Metadata-Version: 2.1
Name: spacy-lefff
Version: 0.3.7
Summary:  Custom French POS and lemmatizer based on Leff for spacy
Home-page: https://github.com/sammous/spacy-lefff
Author: sami moustachir
Author-email: moustachir.sami@gmail.com
License: MIT
Description: [![Build Status](https://travis-ci.org/sammous/spacy-lefff.svg?branch=master)](https://travis-ci.org/sammous/spacy-lefff)[![Coverage Status](https://codecov.io/gh/sammous/spacy-lefff/badge.svg?branch=master)](https://codecov.io/gh/sammous/spacy-lefff?branch=master)[![PyPI version](https://badge.fury.io/py/spacy-lefff.svg)](https://badge.fury.io/py/spacy-lefff)

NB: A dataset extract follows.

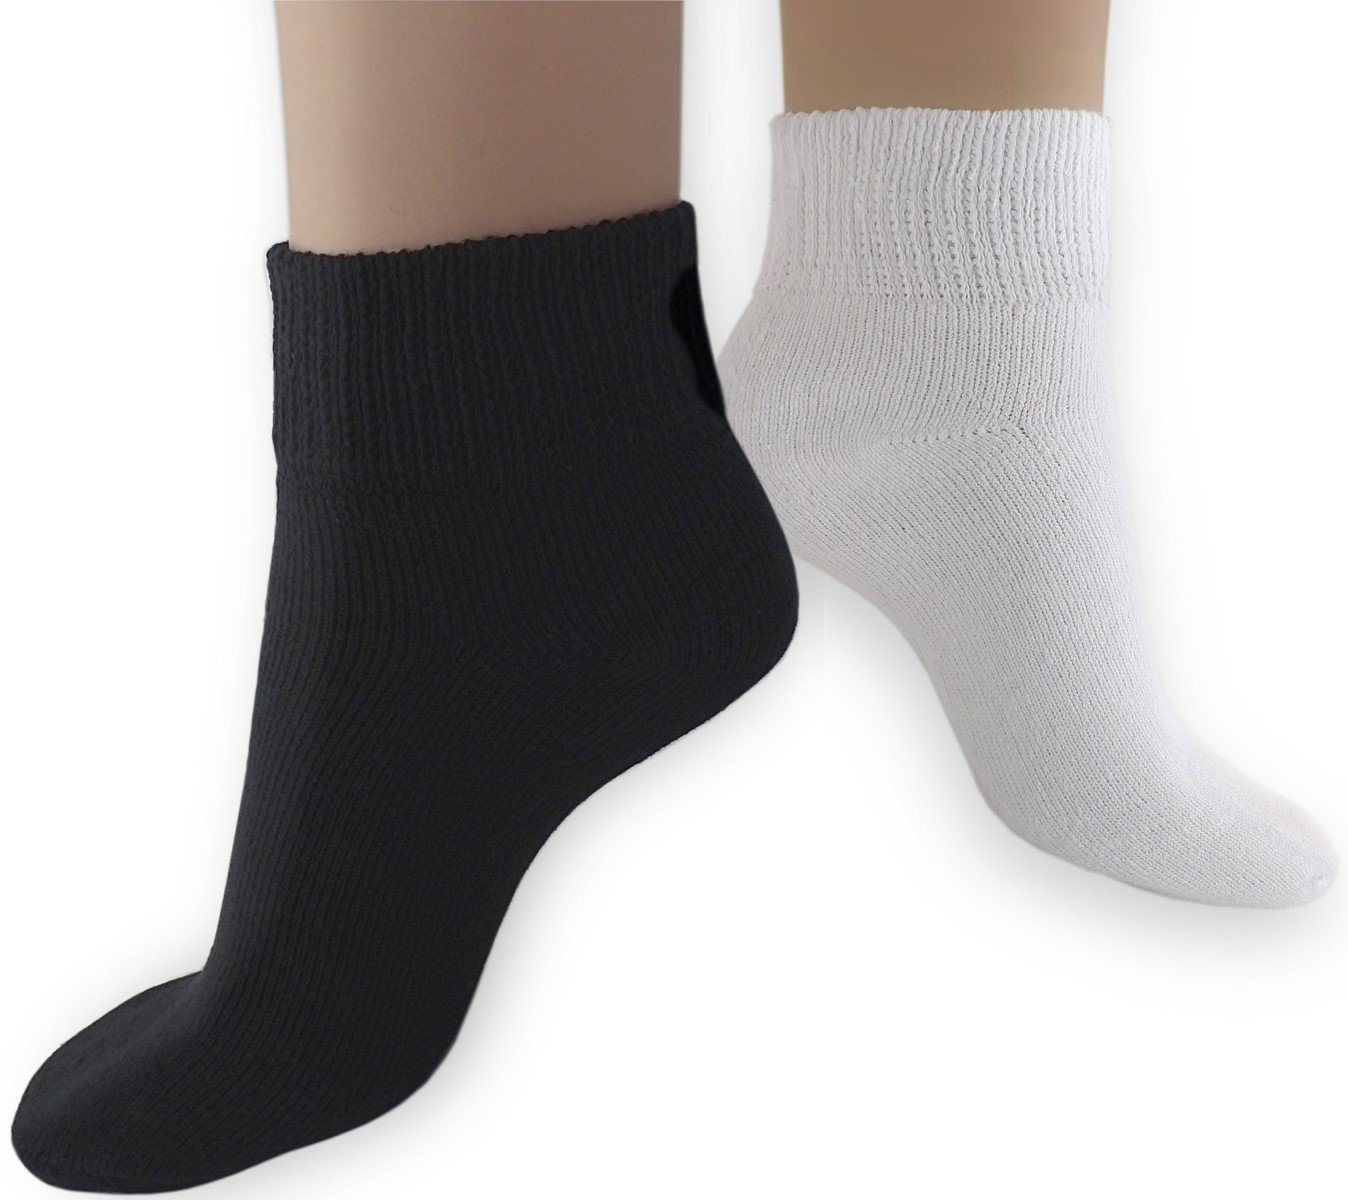 Diabetic Socks - Solid Black

        # spacy-lefff : Custom French POS and lemmatizer based on Lefff for spacy 
        
        [spacy v2.0](https://spacy.io/usage/v2) extension and pipeline component for adding a French POS and lemmatizer based on [Lefff](https://hal.inria.fr/inria-00521242/).
        
        *On version [v2.0.17](https://github.com/explosion/spaCy/releases/tag/v2.0.17), spaCy updated French lemmatization*
        
        ## Description
        
        This package allows to bring Lefff lemmatization and part-of-speech tagging to a spaCy custom pipeline.
        When POS tagging and Lemmatizaion are combined inside a pipeline, it improves your text preprocessing for French compared to the built-in spaCy French processing.
        It is still a WIP (work in progress), so the matching might not be perfect but if nothing was found by the package, it is still possible to use the default results of `spaCy`.
        
        ## Installation
        
        `spacy-lefff` requires `spacy` >= v2.1.0.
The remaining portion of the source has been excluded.